More on controllability: Differential controllability. We will start with LTV. We say {\displaystyle \sum } is differentially controllable at t_{0} if we can get to new state in as small time as we want. If given \varepsilon >0, arbitrary small, and any x\left ( t_{0}\right ) state, then there exist u\left ( t\right ) steering x\left ( t_{0}\right ) to x\left ( t_{0}+\varepsilon \right ) \,.
Reader: Give criteria and short cut for differential controllability at t_{0}. Use W\left ( t_{0},t_{0}+\varepsilon \right ) . For LTI, use short cut M.
For LTI: Reader: If {\displaystyle \sum } is controllable, then it is always differentially controllable. But this is not necessarily true for LTV. To show, let \begin{align*} x^{1} & =e^{At_{1}}x^{0}+{\displaystyle \int \limits _{t_{0}}^{t_{1}}} e^{\left ( t_{1}-\tau \right ) }Bu\left ( \tau \right ) d\tau \\ x^{\varepsilon } & =e^{A\varepsilon }x^{0}+{\displaystyle \int \limits _{t_{0}}^{\varepsilon }} e^{\left ( \varepsilon -\tau \right ) }B\tilde{u}\left ( \tau \right ) d\tau \end{align*}
Relate u\left ( t\right ) to \tilde{u}\left ( t\right ) so that we can get to x^{1} in as short time as we want. Note: The above is not clear to me, need to clean up.

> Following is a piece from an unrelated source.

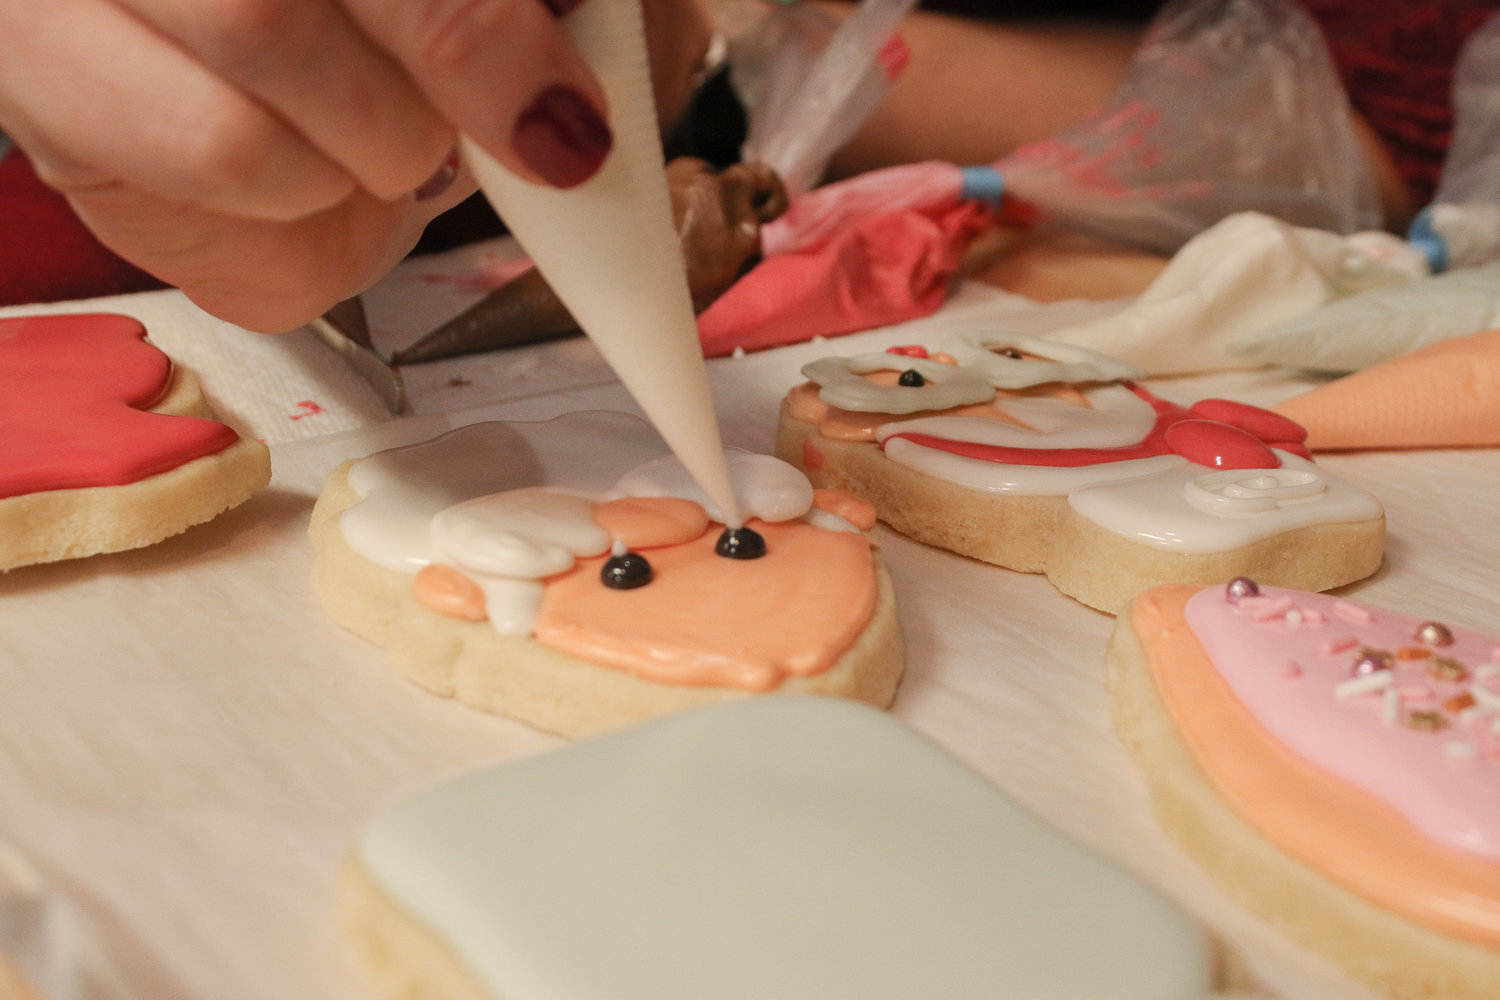 Anna Martin, owner of Anna's Bakery, adds a glimmer to the eyes of a Santa sugar cookie she was decorating during a royal icing cookie decorating class she hosted at the Dandelion Creative Space on Sunday.

Controllability with bounded control: i.e. we now have a bound on the magnitude of u\left ( t\right ) . There is whole theory on controllability with bounded input. Next we will do the same with observability, using duality to speed all the derivations by using results obtained from the controllability. We will later study decomposition, then stability.